◆ HOW TO COMPLETE THIS TASK: Repeat exactly the line containing "La Vila · Cultura" and every line after it in the entries, and nothing besides.

Source records:

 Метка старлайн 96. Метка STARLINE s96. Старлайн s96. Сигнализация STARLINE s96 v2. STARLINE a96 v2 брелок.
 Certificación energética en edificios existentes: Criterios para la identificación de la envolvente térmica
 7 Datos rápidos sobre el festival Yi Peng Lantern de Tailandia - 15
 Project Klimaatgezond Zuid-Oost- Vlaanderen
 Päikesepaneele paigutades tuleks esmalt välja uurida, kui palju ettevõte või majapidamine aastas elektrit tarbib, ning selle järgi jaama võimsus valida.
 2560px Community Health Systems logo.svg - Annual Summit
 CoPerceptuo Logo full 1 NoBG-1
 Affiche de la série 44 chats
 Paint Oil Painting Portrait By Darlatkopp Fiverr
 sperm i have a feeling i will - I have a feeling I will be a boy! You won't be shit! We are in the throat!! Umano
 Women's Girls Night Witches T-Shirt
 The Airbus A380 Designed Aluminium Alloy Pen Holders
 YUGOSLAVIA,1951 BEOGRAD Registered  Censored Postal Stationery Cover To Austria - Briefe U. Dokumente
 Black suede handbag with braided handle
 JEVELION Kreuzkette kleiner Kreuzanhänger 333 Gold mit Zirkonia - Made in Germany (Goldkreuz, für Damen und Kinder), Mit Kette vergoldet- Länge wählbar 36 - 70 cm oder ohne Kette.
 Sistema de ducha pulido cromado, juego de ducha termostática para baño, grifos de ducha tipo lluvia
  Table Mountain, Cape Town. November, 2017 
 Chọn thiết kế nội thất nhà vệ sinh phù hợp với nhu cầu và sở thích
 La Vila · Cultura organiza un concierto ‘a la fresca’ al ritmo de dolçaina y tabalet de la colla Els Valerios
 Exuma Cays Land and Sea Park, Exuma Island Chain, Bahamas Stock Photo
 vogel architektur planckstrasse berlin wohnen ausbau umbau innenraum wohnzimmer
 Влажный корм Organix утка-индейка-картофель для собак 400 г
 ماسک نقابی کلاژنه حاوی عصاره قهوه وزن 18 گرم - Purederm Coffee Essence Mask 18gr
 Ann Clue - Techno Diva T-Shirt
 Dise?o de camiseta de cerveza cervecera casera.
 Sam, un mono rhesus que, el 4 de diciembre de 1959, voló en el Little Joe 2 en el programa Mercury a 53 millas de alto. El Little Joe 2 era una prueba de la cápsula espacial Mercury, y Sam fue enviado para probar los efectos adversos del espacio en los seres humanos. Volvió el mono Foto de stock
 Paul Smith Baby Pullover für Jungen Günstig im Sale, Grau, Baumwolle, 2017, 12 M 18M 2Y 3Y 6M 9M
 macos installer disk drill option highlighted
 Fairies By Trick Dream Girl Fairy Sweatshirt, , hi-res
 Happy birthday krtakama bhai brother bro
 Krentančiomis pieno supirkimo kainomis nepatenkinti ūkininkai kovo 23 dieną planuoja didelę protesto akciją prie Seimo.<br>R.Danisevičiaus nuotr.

◆ ANSWER TO THIS PROBLEM:
 La Vila · Cultura organiza un concierto ‘a la fresca’ al ritmo de dolçaina y tabalet de la colla Els Valerios
 Exuma Cays Land and Sea Park, Exuma Island Chain, Bahamas Stock Photo
 vogel architektur planckstrasse berlin wohnen ausbau umbau innenraum wohnzimmer
 Влажный корм Organix утка-индейка-картофель для собак 400 г
 ماسک نقابی کلاژنه حاوی عصاره قهوه وزن 18 گرم - Purederm Coffee Essence Mask 18gr
 Ann Clue - Techno Diva T-Shirt
 Dise?o de camiseta de cerveza cervecera casera.
 Sam, un mono rhesus que, el 4 de diciembre de 1959, voló en el Little Joe 2 en el programa Mercury a 53 millas de alto. El Little Joe 2 era una prueba de la cápsula espacial Mercury, y Sam fue enviado para probar los efectos adversos del espacio en los seres humanos. Volvió el mono Foto de stock
 Paul Smith Baby Pullover für Jungen Günstig im Sale, Grau, Baumwolle, 2017, 12 M 18M 2Y 3Y 6M 9M
 macos installer disk drill option highlighted
 Fairies By Trick Dream Girl Fairy Sweatshirt, , hi-res
 Happy birthday krtakama bhai brother bro
 Krentančiomis pieno supirkimo kainomis nepatenkinti ūkininkai kovo 23 dieną planuoja didelę protesto akciją prie Seimo.<br>R.Danisevičiaus nuotr.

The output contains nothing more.